* **ABOUT THIS TASK**:
Excluding all pictures, please output the listing exactly.

↓

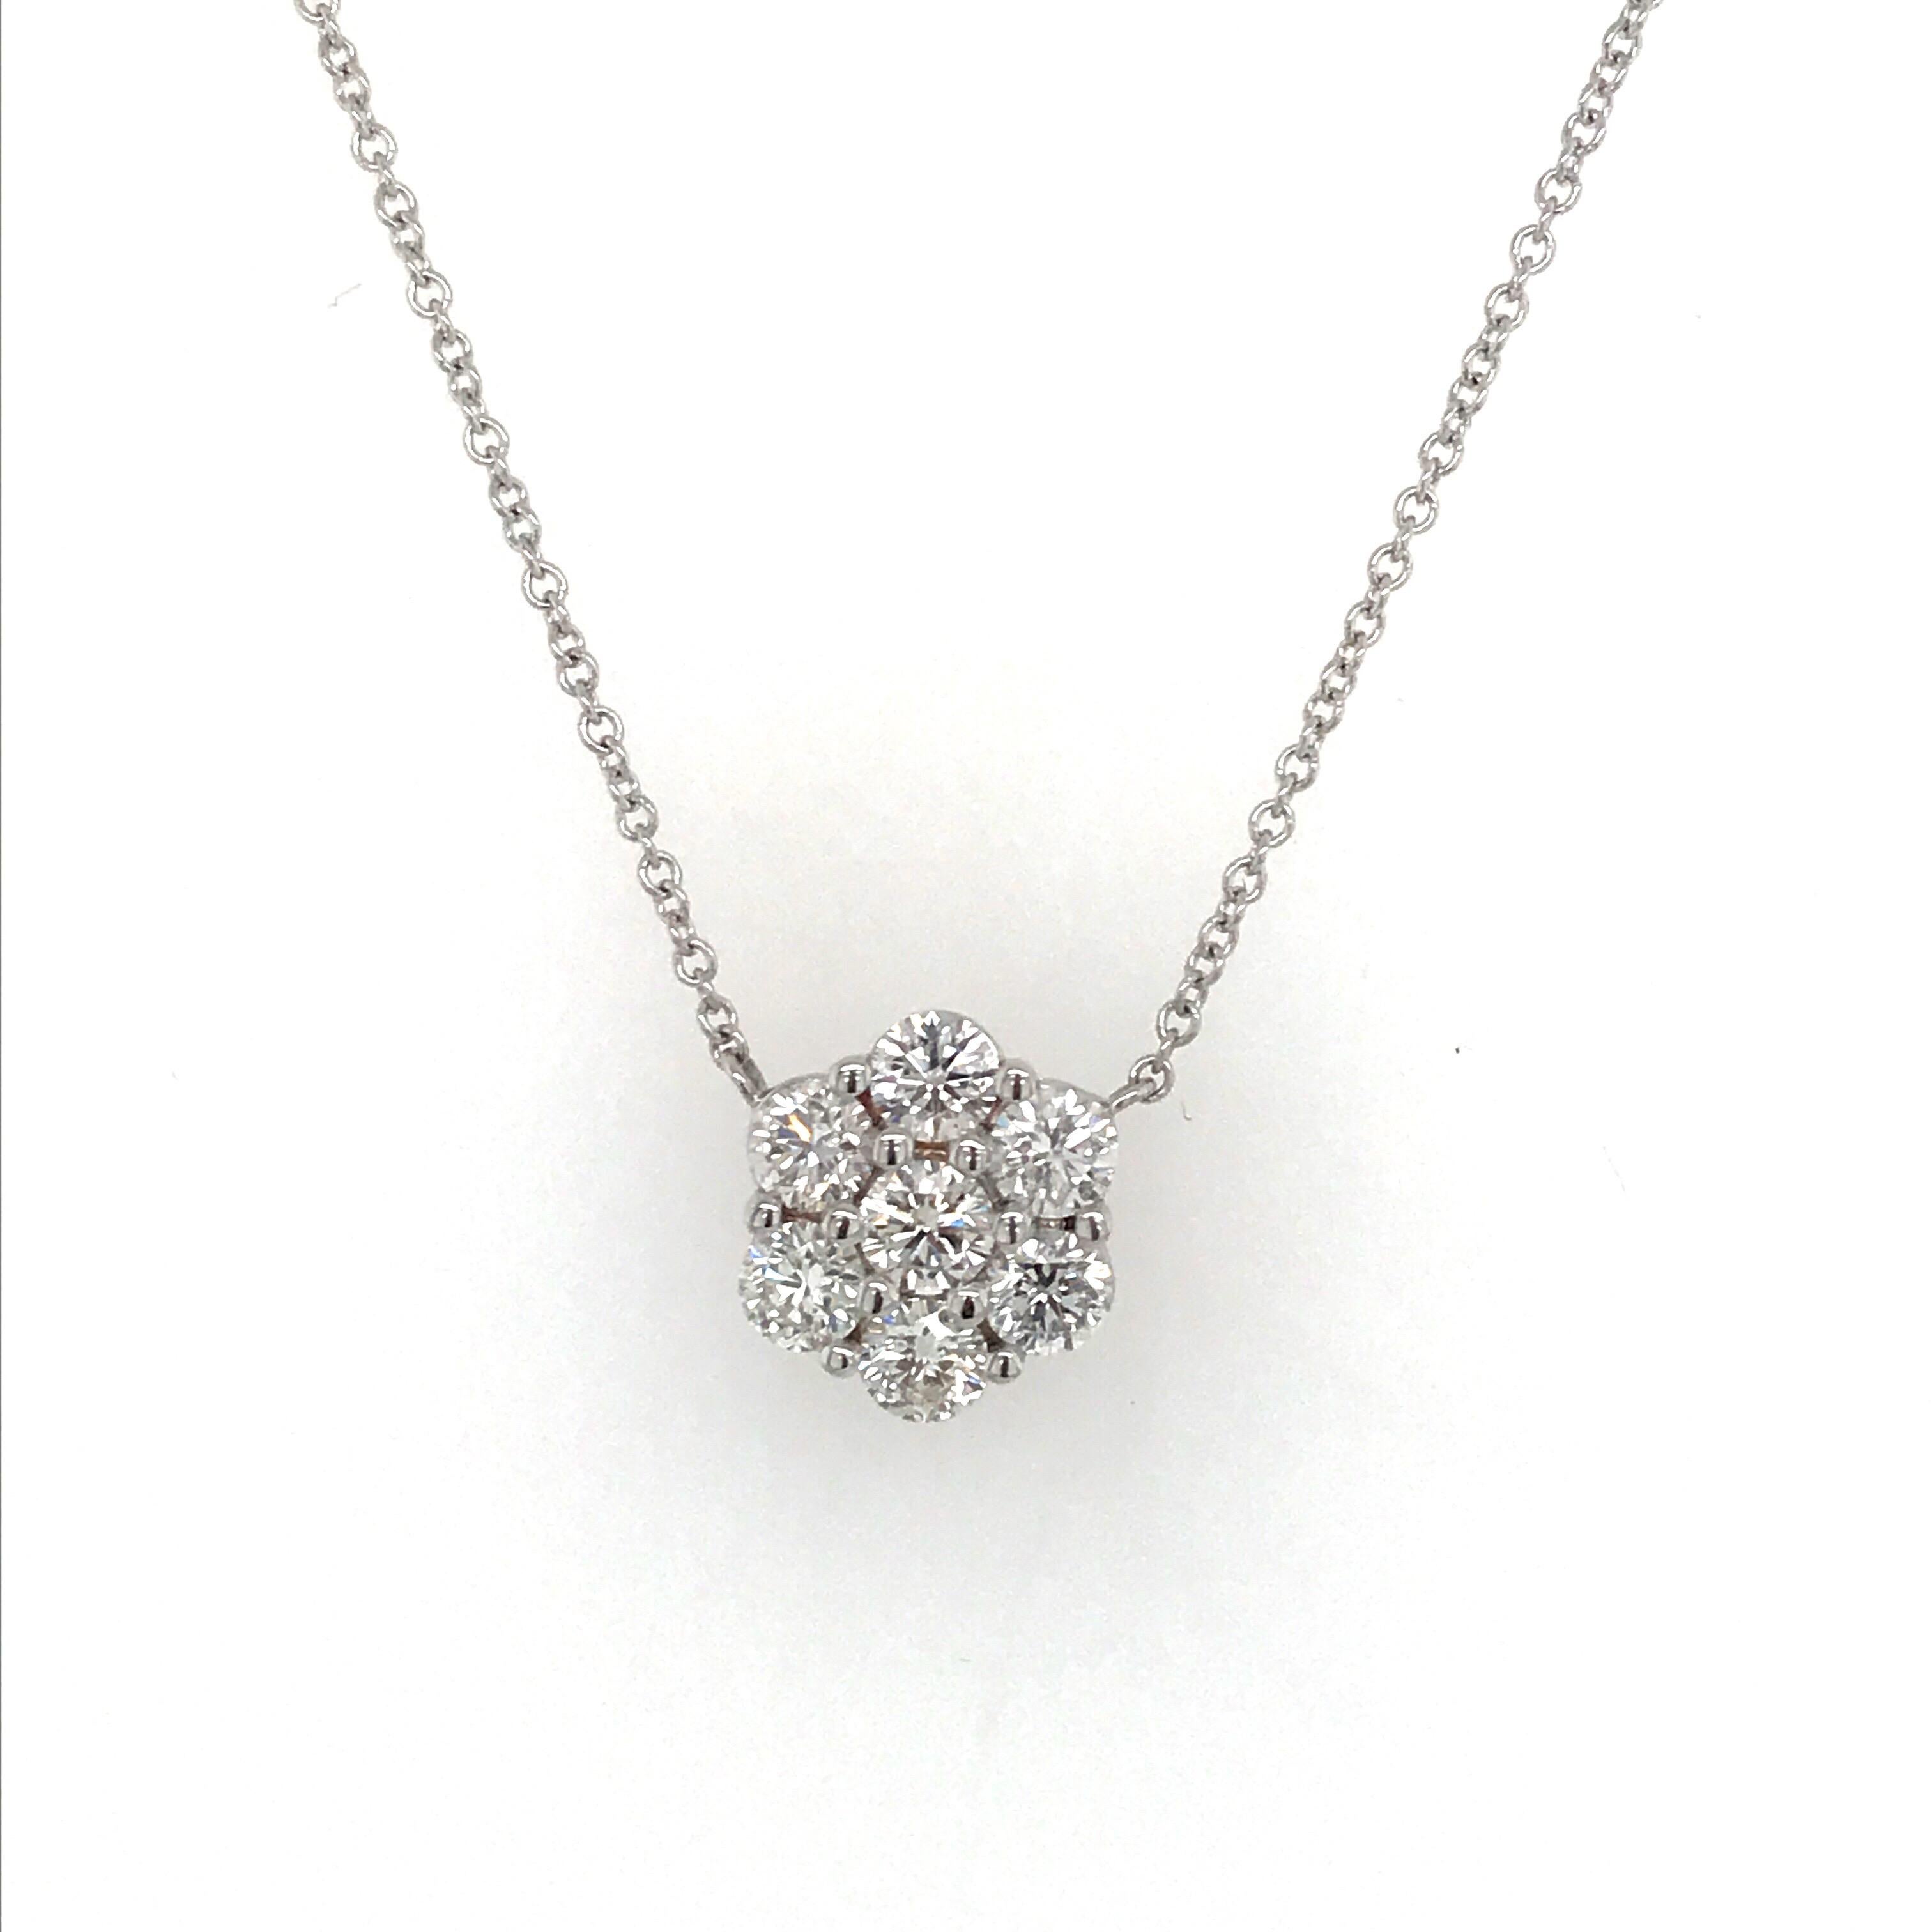 18K White Gold diamond cluster pendant featuring 7 round brilliants weighing 0.96 carats extended on a 16 inch chain. 
A timeless piece of jewelry. 
Also available in earrings. 
Color: H
Clarity VS2-SI1
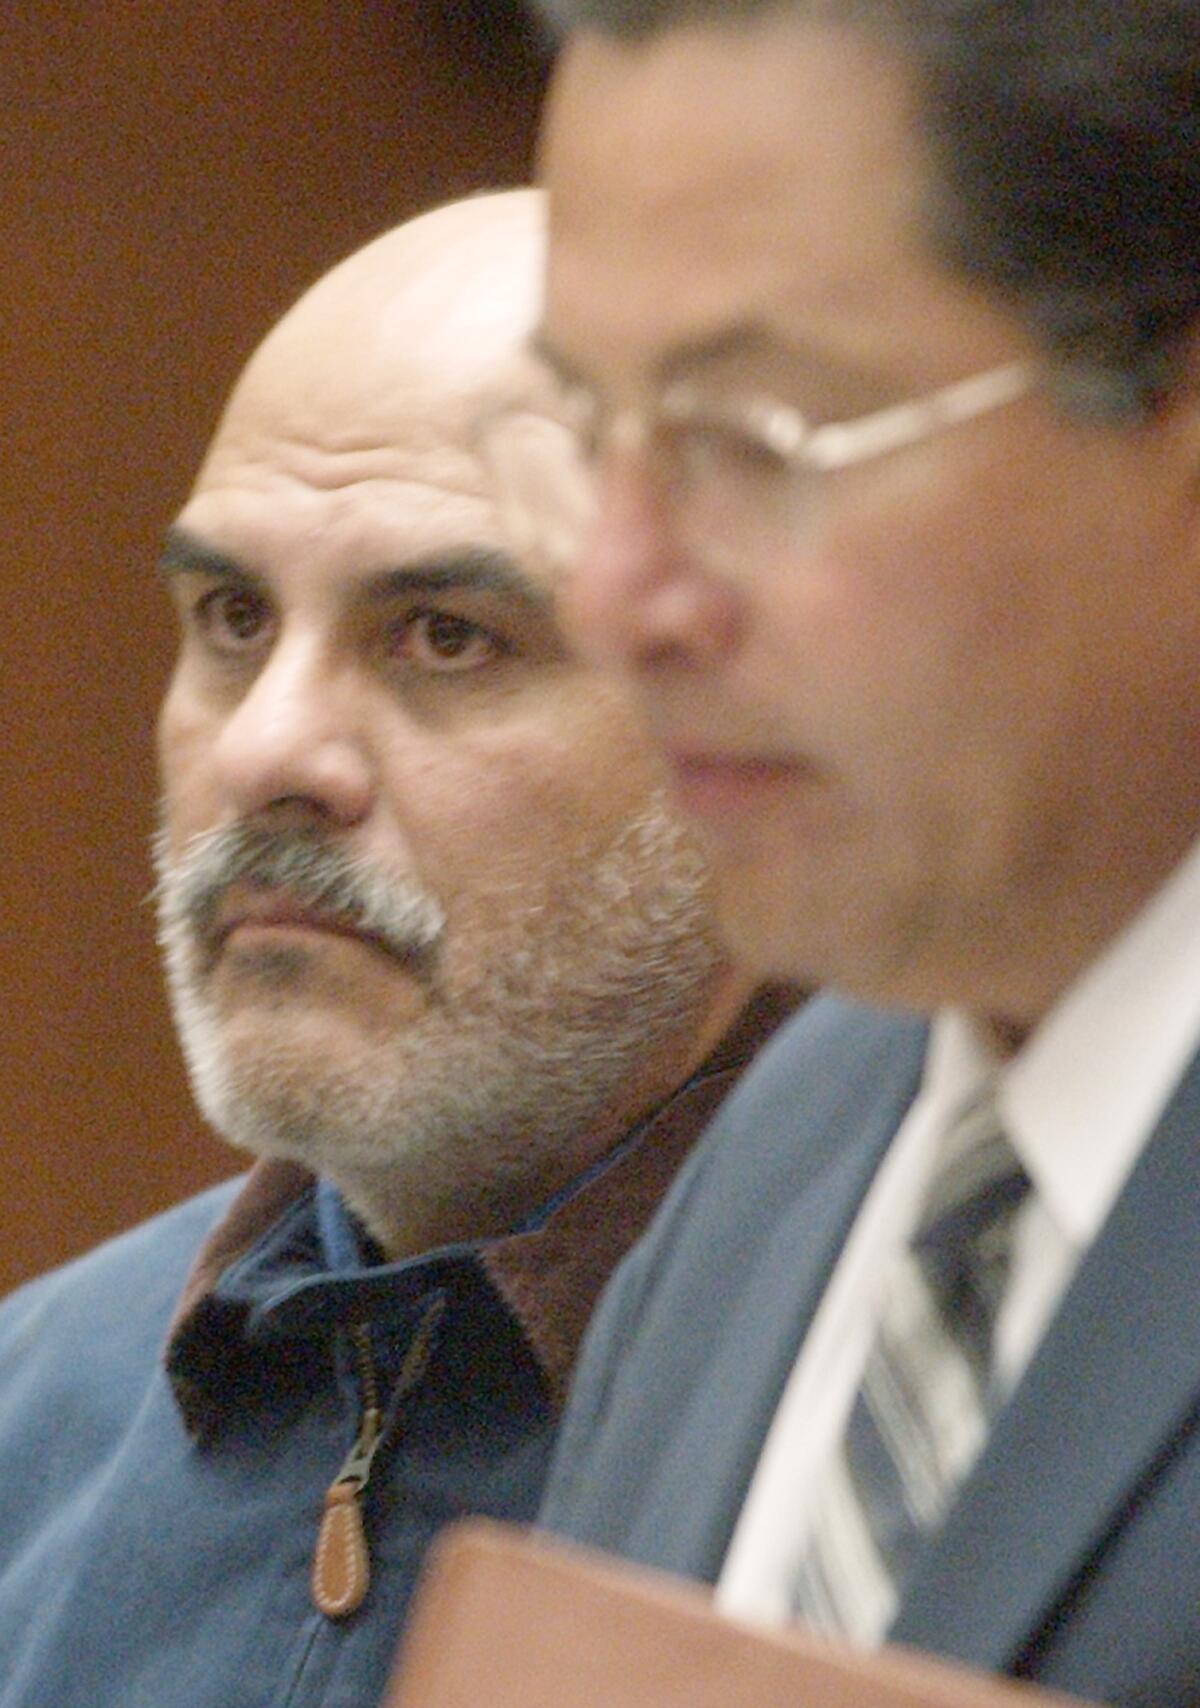 In this file photo, John Anthony Salazar, a former priest accused of sexually assaulting two boys in Los Angeles in the 1980s, appears with his attorney, Daniel Guerrero, right, in Superior Court in Los Angeles for his arraignment in 2003.
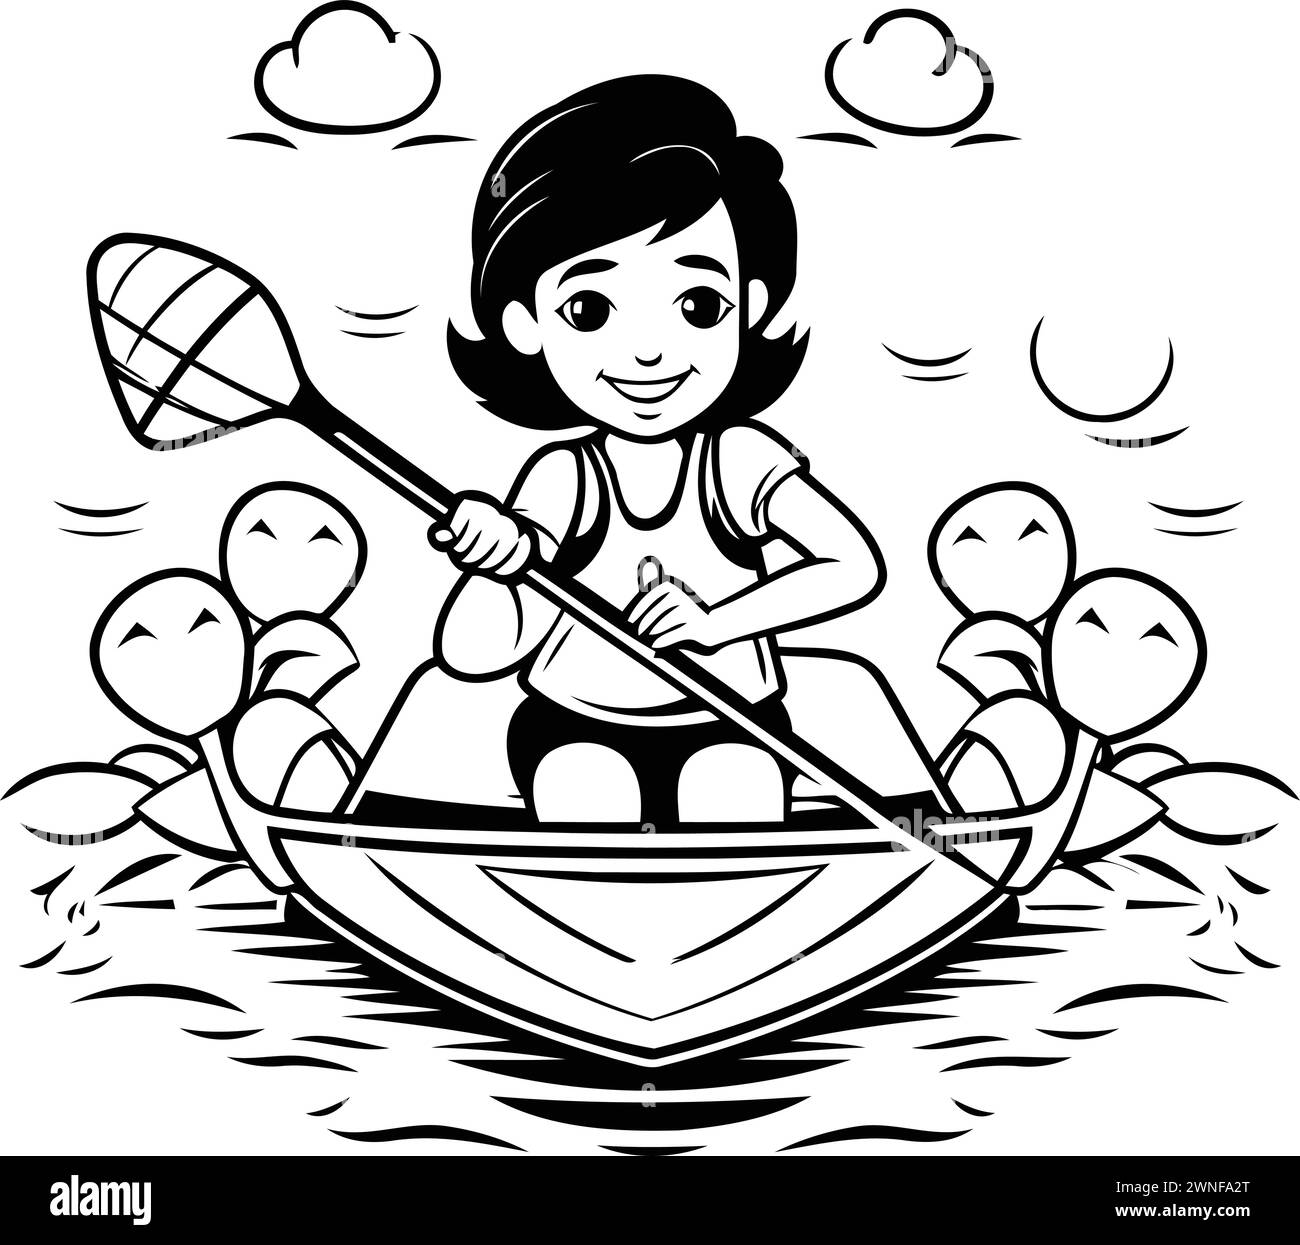 Black and White Cartoon Illustration of Little Girl Rafting a Canoe or Kayak with Her Family or Friends on the Water Stock Vector
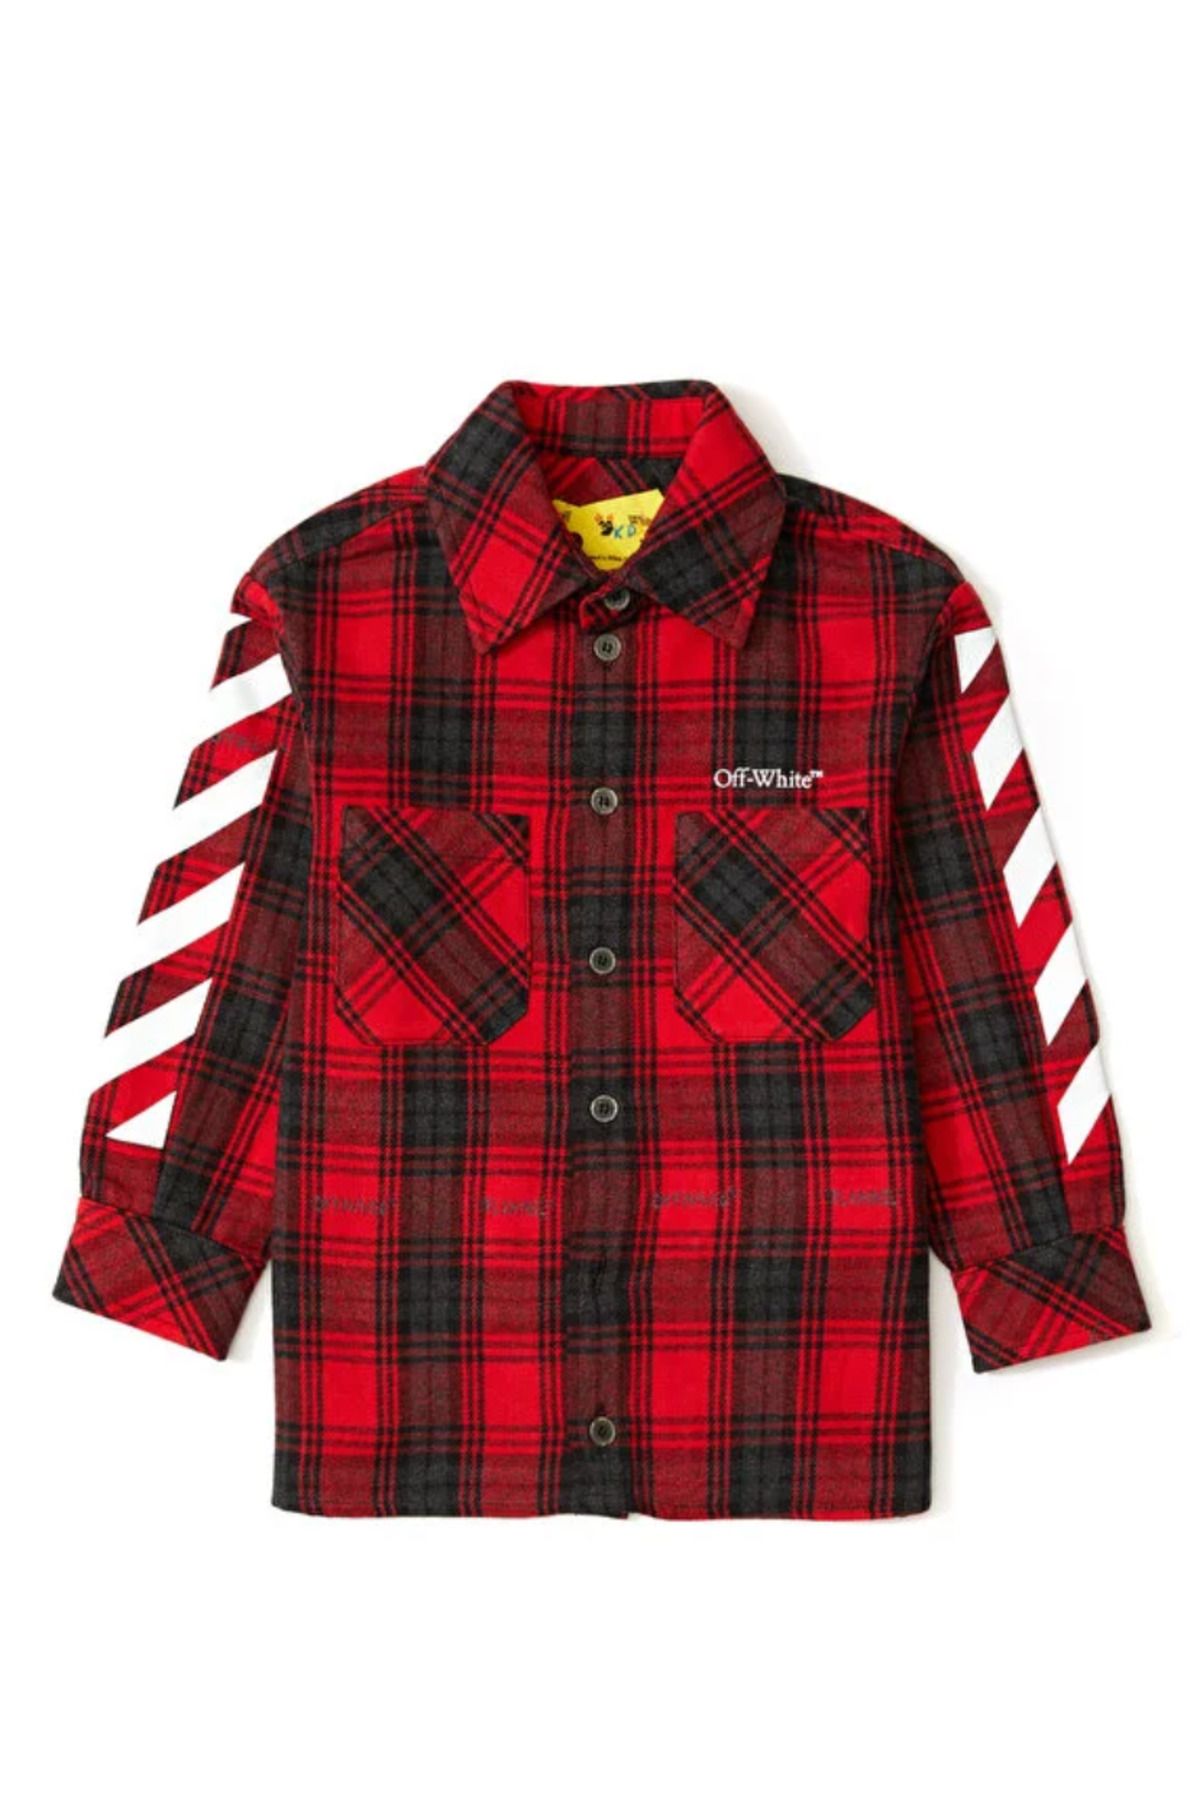 OFF WHITE Bookish Diag Flannel Shirt

↑

* **SOLUTION**:
 18K White Gold diamond cluster pendant featuring 7 round brilliants weighing 0.96 carats extended on a 16 inch chain. 
A timeless piece of jewelry. 
Also available in earrings. 
Color: H
Clarity VS2-SI1
 In this file photo, John Anthony Salazar, a former priest accused of sexually assaulting two boys in Los Angeles in the 1980s, appears with his attorney, Daniel Guerrero, right, in Superior Court in Los Angeles for his arraignment in 2003.
 Black and White Cartoon Illustration of Little Girl Rafting a Canoe or Kayak with Her Family or Friends on the Water Stock Vector
 OFF WHITE Bookish Diag Flannel Shirt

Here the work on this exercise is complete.